In our previous article we went through describing what retention policies are and how they can be enforced on your PostgreSQL server backups with Barman 1.2. In this post, we will go through the configuration aspects.
For the sake of simplicity, we assume a typical scenario which involves taking full backups once a week through the “barman backup” command. Suppose you want to automatically keep the latest 4 backups and let Barman automatically delete the old ones (obsolete).

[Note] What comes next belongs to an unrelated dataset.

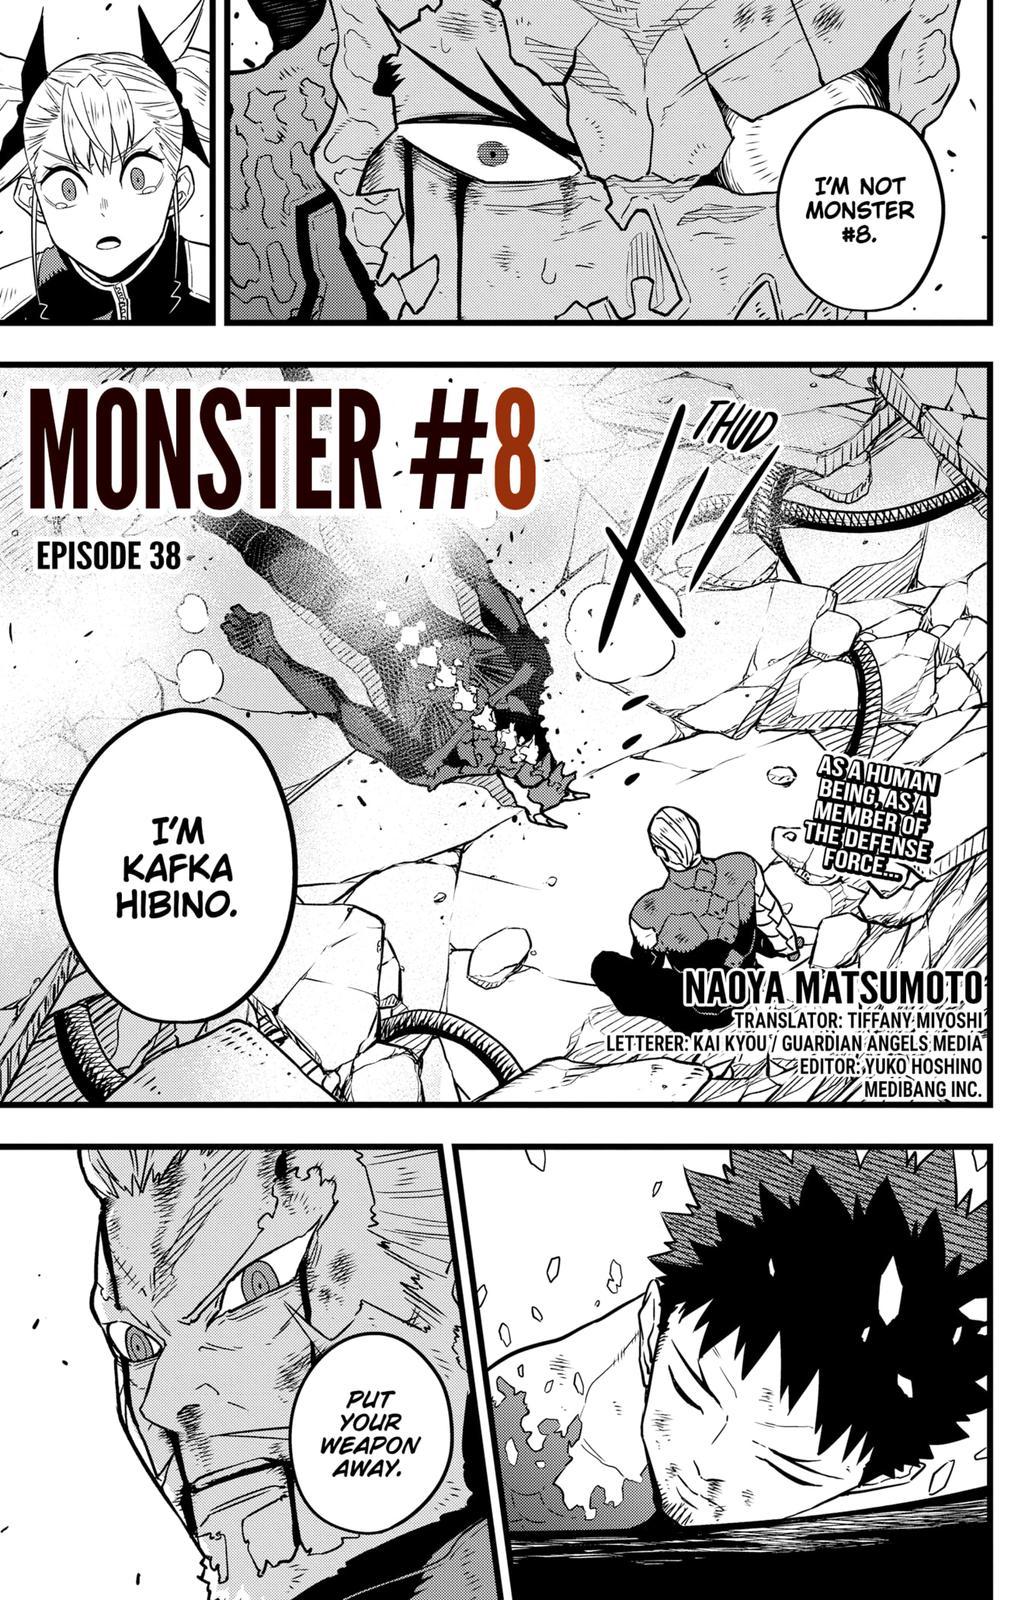 Kaiju no 8, Kaiju no 8 manga, Kaiju no 8 online, Kaiju no 8 manga online, read Kaiju no 8, read Kaiju no 8 manga, read Kaiju no 8 online, read Kaiju no 8 manga online, Kaiju no 8 chapter, read Kaiju no 8 chapter, Kaiju no 8 chapters, Monster #8, Monster #8 manga, Monster #8 online, Monster #8 manga online, read Monster #8, read Monster #8 manga, read Monster #8 online, read Monster #8 manga online, Monster #8 chapter, read Monster #8 chapter, Monster #8 chapters, Monster no 8, Monster no 8 manga, Monster no 8 online, Monster no 8 manga online, read Monster no 8, read Monster no 8 manga, read Monster no 8 online, read Monster no 8 manga online, Monster no 8 chapter, read Monster no 8 chapter, Monster no 8 chapters, 8kaijuu, 8kaijuu manga, 8kaijuu online, 8kaijuu manga online, read 8kaijuu, read 8kaijuu manga, read 8kaijuu online, read 8kaijuu manga online, 8kaijuu chapter, read 8kaijuu chapter, 8kaijuu chapters, kaiju no 8 reddit, kaiju no 8 chapter 33, kaiju 8, kaiju no 8 manga, kaiju no. 8 manga raw, kaiju no 8 manga chapter 4, kaiju no 8 manga book, kaiju no 8 manga clash, kaiju no 8 manga amazon, mangadex kaiju no 8, kaiju no 8 manga chapter 9, kaiju no 8 manga viz, kaiju no 8 manga chapter 8, kaiju no 8 mangadex, kaiju no 8 manganelo, kaiju no 8 mangaclash, kaiju no 8 mangahere, kaiju no 8 mangaupdates, monster 8 wiki, kaiju no 8 review, kaiju no 8 characters, kaiju no 8 volume 1, kaiju no 8 mangaplus, monster #8 wiki, kaiju no 8 wiki, kaiju no 8 anime release date, kaiju no 8 myanimelist, monster 8 manga plus, manga similar to monster 8, monster 8 mangaplus, monster 8 mangafreak, monster number 8 manga, 8 kaijuu myanimelist, 8kaijuu wiki, 8kaijuu 32, 8kaijuu chapter 32, 8kaijuu 21, 8kaijuu chapter 31, 8kaijuu 26, 8 kaiju manga, 8kaijuu manga raw, 8 kaiju manga plus, 8 kaiju manga online, kaiju manga indo, 8 kaijuu manga chapter 3, 8kaijuu manga 27, baca manga 8 kaijuu, manga like 8kaijuu, manga 8kaijuu chapter 8, hakaijuu mangakakalot, 8kaijuu mangaplus, 8 kaiju manganelo, 8kaijuu manga read, 8 kaijuu mangaku, 8 kaijuu mangaupdates, Kaiju no chapter 38, Kaiju no chapter 39, Kaiju no chapter 40, Monster #8 Chapter 38, Monster #8 Chapter 39, Monster #8 Chapter 40, Monster #8 Chapter 41, Monster #8 Chapter 1, kaiju no 8 Chapter 1, 8kaijuu chapter 1,

The main configuration option for retention policies in Barman is “retention_policy” which can be defined both at global or server level. If you want all your servers by default to keep the last 4 periodical backups, you need to add in the general section of Barman’s configuration file the following line:
[barman] ... // General settings retention_policy: REDUNDANCY 4
When the next “barman cron” command is executed (every minute if you installed Barman using RPMs or Debian/Ubuntu packages), Barman checks for the number of available full periodical backups for every server, order them in descending chronological order (from the most recent to the oldest one) and deletes backups from the 5th position onwards.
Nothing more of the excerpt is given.